App Engine Standard vs Flexible: Prefab vs Custom Kitchen

Choosing between App Engine Standard and Flexible is like deciding between a prefabricated kitchen and a custom-built one. In a prefab kitchen (Standard), the manufacturer provides a fixed set of cabinets, countertops, and appliances. You can choose colors and finishes within a catalog, but you cannot change the layout or install a commercial-grade range. The kitchen is fully assembled and ready to use immediately. It runs efficiently because everything is optimized for the standard design. However, if you need a six-burner stove or a walk-in pantry, you are out of luck. In a custom kitchen (Flexible), you hire a contractor who builds everything to your exact specifications. You can choose any appliance, any countertop material, and any layout. The downside is that the build takes longer, you must manage the contractor, and the kitchen may require more maintenance. In Google Cloud terms, App Engine Standard runs your code in a sandboxed runtime with strict limitations on libraries, background processes, and file system access. It auto-scales to zero and is billed per instance hour only when serving. App Engine Flexible runs your code in Docker containers on Compute Engine VMs, giving you full control over the environment, including SSH access, any runtime, and background processes. However, it cannot scale to zero (minimum 1 instance) and costs more because you pay for the underlying VM even when idle. The exam tests your ability to match application requirements to the correct environment: Standard for low-cost, auto-scaling, simple apps; Flexible for custom runtimes, GPU access, or apps needing background threads.

How It Actually Works

What is App Engine?

App Engine is Google Cloud's fully managed platform-as-a-service (PaaS) that automatically scales your web applications. It abstracts away infrastructure management, including servers, networking, and load balancing. You write code, upload it, and App Engine handles the rest. App Engine offers two environments: Standard and Flexible. The choice between them determines the runtime, scaling, networking, and pricing.

App Engine Standard Environment

The Standard environment is a sandboxed, restricted runtime designed for high-performance, auto-scaling applications. It supports specific language runtimes: Python 2.7, Python 3.7+, Java 8/11/17, Node.js 10+, PHP 5.5/7+, Ruby 2.5+, Go 1.11+, and .NET (experimental). Each runtime has predefined versions and libraries. You cannot install arbitrary third-party software or use native code extensions (e.g., C extensions for Python).

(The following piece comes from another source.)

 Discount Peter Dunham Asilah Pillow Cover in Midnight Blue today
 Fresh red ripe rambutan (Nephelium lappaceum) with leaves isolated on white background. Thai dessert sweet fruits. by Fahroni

Key characteristics: - Scaling: Automatic, can scale to zero instances when no traffic. You configure min/max instances, but idle instances can be zero. No manual scaling. - Billing: Pay only for instance hours when serving requests. No cost when scaled to zero. - Instance types: Predefined tiers (e.g., F1, F2, F4, F4_1G) with fixed CPU/memory. F1 is the smallest (600 MHz, 256 MB RAM). - Networking: No direct outbound connections to VPC networks by default. You must use Serverless VPC Access for private networking. Inbound traffic is through HTTP/HTTPS only; no TCP/UDP sockets. - Background processes: Not allowed. The runtime terminates any threads after the request completes. Cron jobs and task queues are the only supported async mechanisms. - File system: Read-only except for /tmp directory. Writes to /tmp are ephemeral (lost on instance restart). - Session state: Must be stored externally (e.g., Cloud Datastore, Redis) because instances are ephemeral. - Startup time: Very fast (sub-second) because instances are pre-warmed and sandboxed. - Deployment: Deploy via gcloud app deploy. Code is uploaded as a .zip or directory. No Dockerfile required.

App Engine Flexible Environment

The Flexible environment runs your application in Docker containers on Compute Engine VMs. It provides more flexibility at the cost of some automation. It supports any runtime that can run in a Docker container. Google provides base images for Python, Java, Node.js, Go, Ruby, PHP, .NET, and custom runtimes. You can also bring your own container.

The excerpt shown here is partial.